Another precaution to take is to ensure that the mail server is set to
reject emails that do not match someone’s Sender Policy Framework, or
SPF, record. Jones said this is a system that exists to tell email
systems where legitimate email from the domain name should be coming
from.
There is also the risk of becoming an unwitting spam sender. Nobody
willingly does this, and there are ways to ensure it doesn’t happen at
your company.
Jones recommends enabling two-factor authentication, or 2FA. Popular
hosts like Google Suite and Office 365 support this. Basically, 2FA is a
way to take steps beyond a password to gain access to your account.
Once you enter your password, you get a verification message, which will
come over via text to your phone or through an app on your mobile
device.
“This is essential in today’s climate,” Jones said.

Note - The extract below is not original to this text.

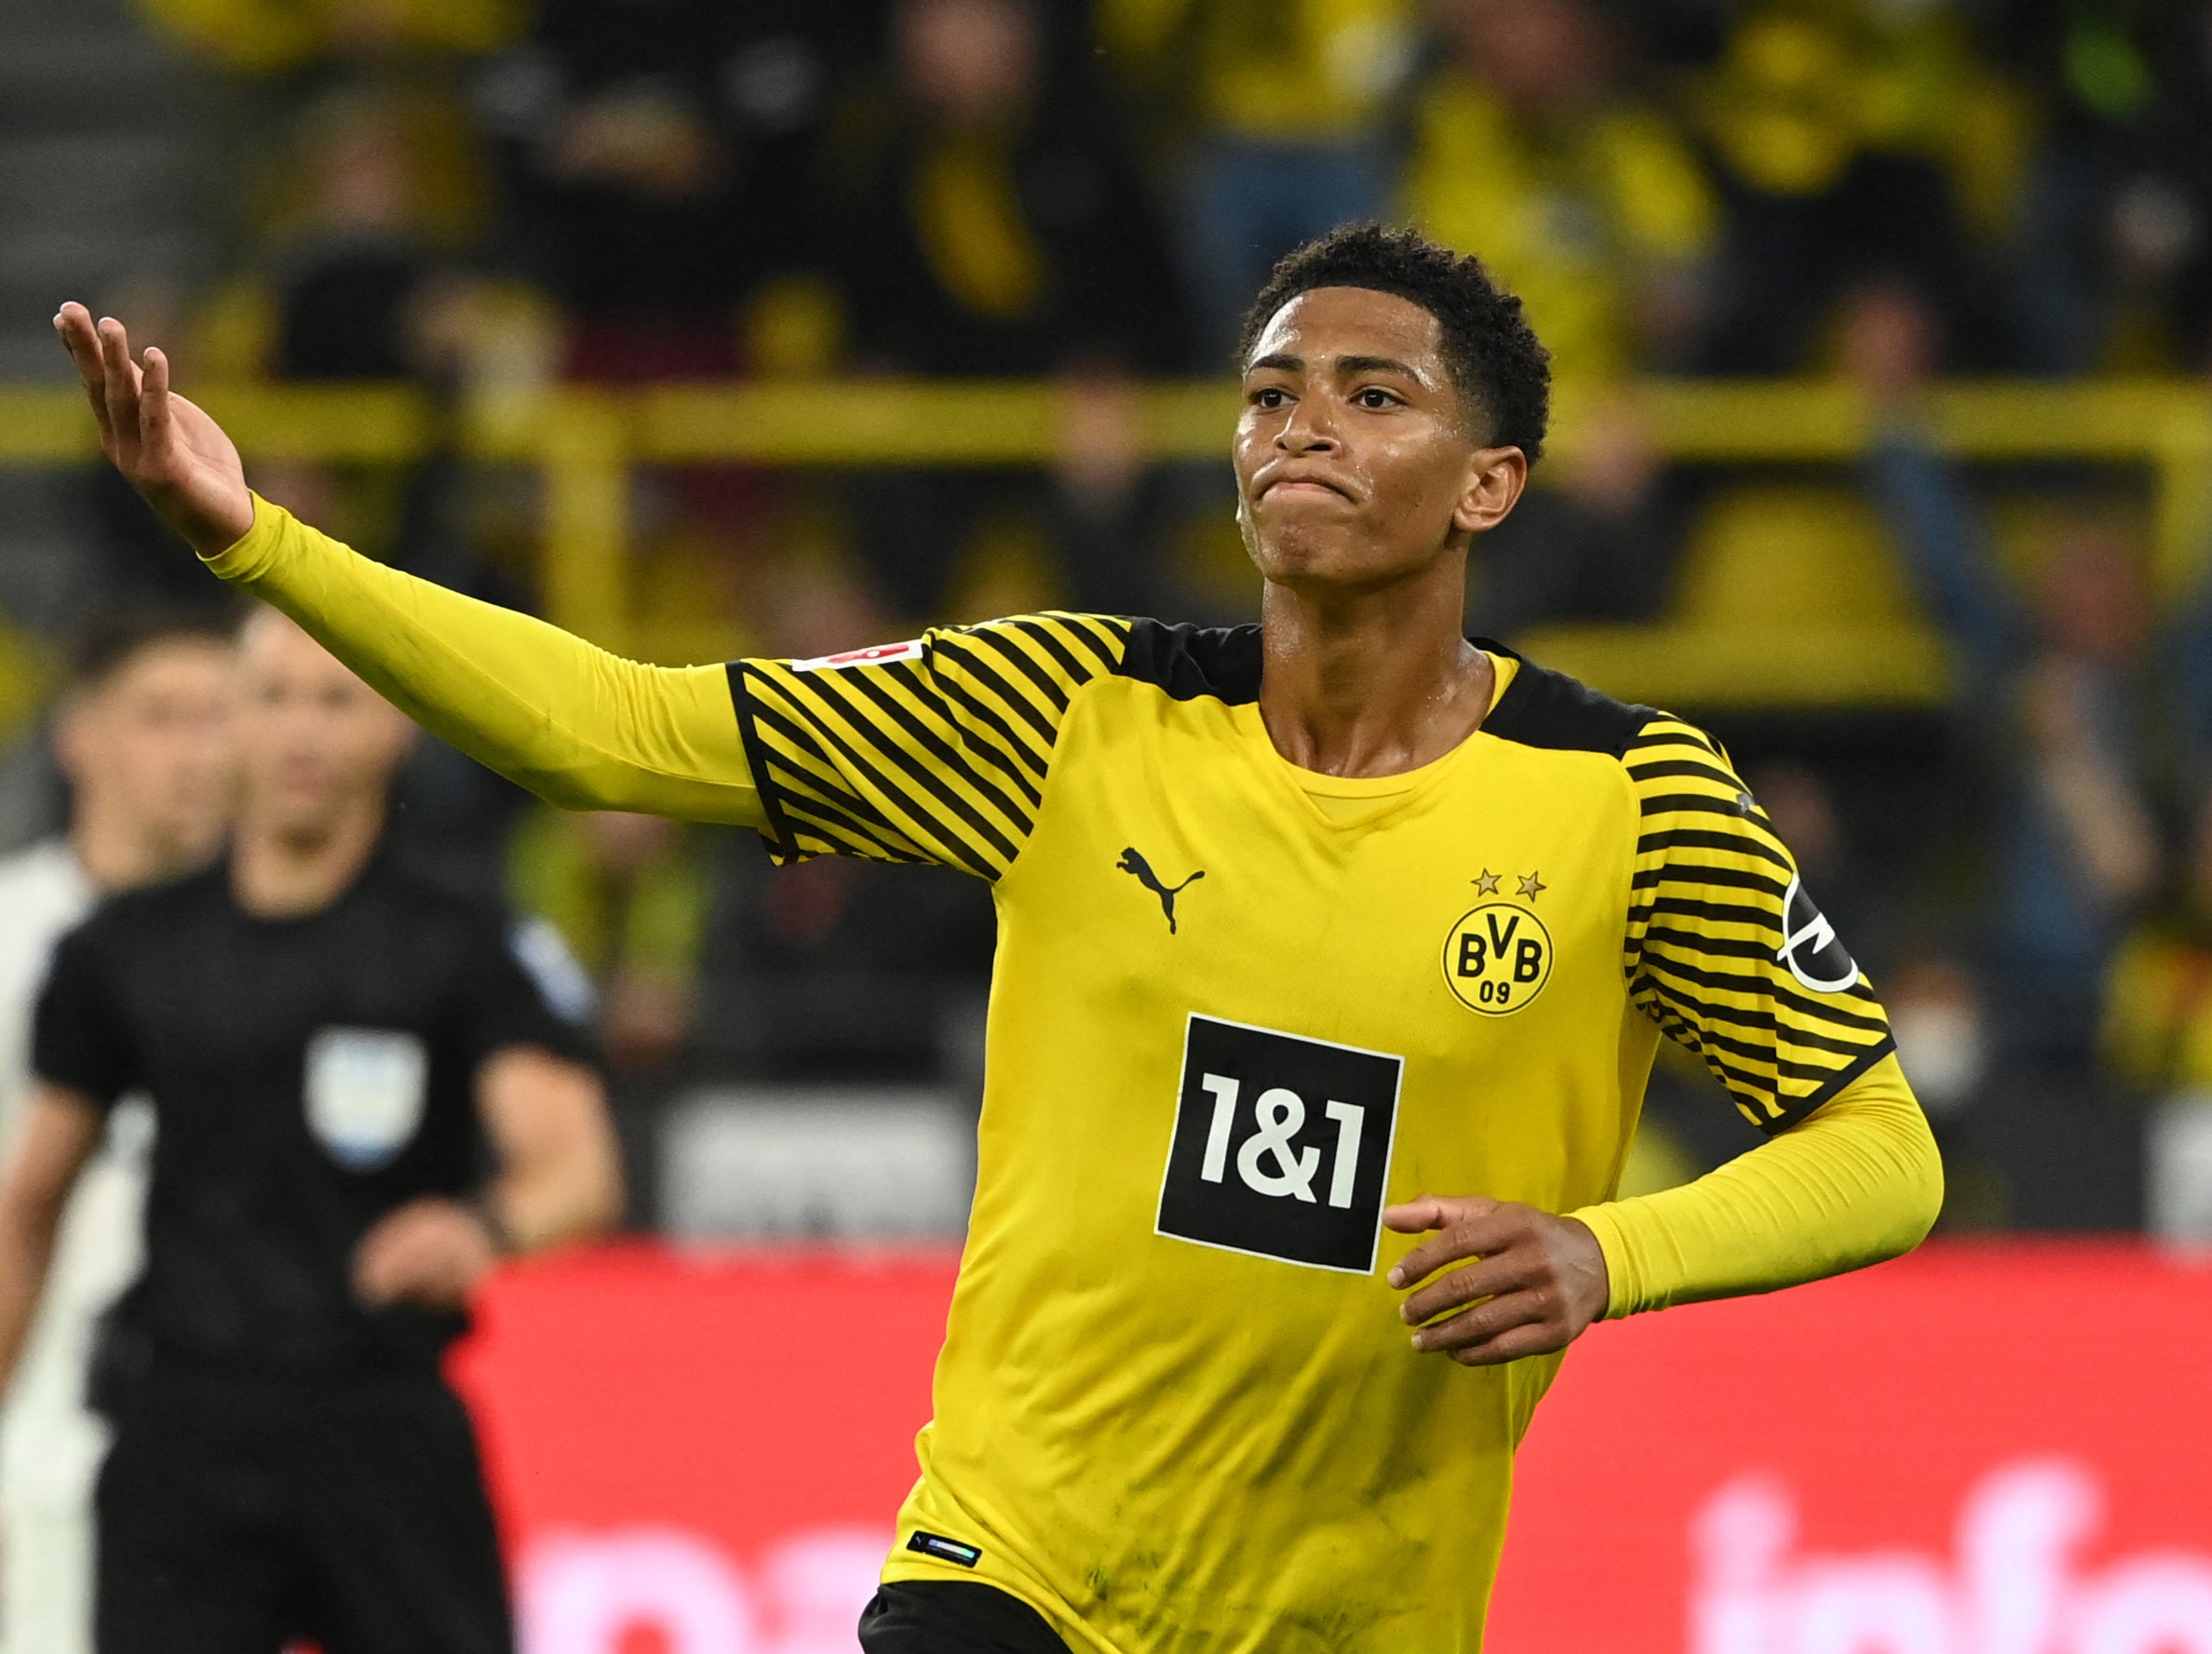 Borussia Dortmund teenager Jude Bellingham is enjoying a fine season.

To take it a step further, Jones recommends setting up DKIM (DomainKeys
Identified Mail) verification. This is to prevent email spoofing and
allows the receiver to verify that the email came from the right domain
“This is a more modern version of verification system and can be enacted
with the help of your IT vendor and/or software vendors,” he said.
Cybersecurity: Sending mass emails can be a problem
Also, Jones said to be sure your organization has a proper SPF record
set dictating the servers that might send email@yourdomain.com. An SPF
record is a type of Domain Name Service (DNS), which is an email
validation system that identifies the mail servers that are permitted to
send mail.
“Once set,” Jones began, “recipient servers that are properly set to
reject email based on what is defined in your SPF record would not
receive emails that come from sources outside of those deemed legitimate
senders for your domain.”
Sending out mass emails can also be a problem. Jones said if you’re
sending out emails that don’t require recipients to know to whom the
email was addressed, use BCC (blind carbon copy).

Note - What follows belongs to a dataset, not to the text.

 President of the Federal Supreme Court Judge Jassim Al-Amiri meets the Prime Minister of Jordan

“This can help prevent a scenario in which a recipient of a mass email
gets hacked,” he said, “and the hacker uses that information to send out
spoofed emails to that group purporting to be the original sender.”
Finally, Jones said many people list their email addresses in plain text
on their website. This makes it easy for spammer to “identify the
corporate hierarchy and then attempt to spoof users into actions of many
types, such as wire transfers, login information, etc.” Instead of
using plain text, you can replace symbols with actual words, such as
replacing @ with “AT.”
Users can also safely post their email address as an image.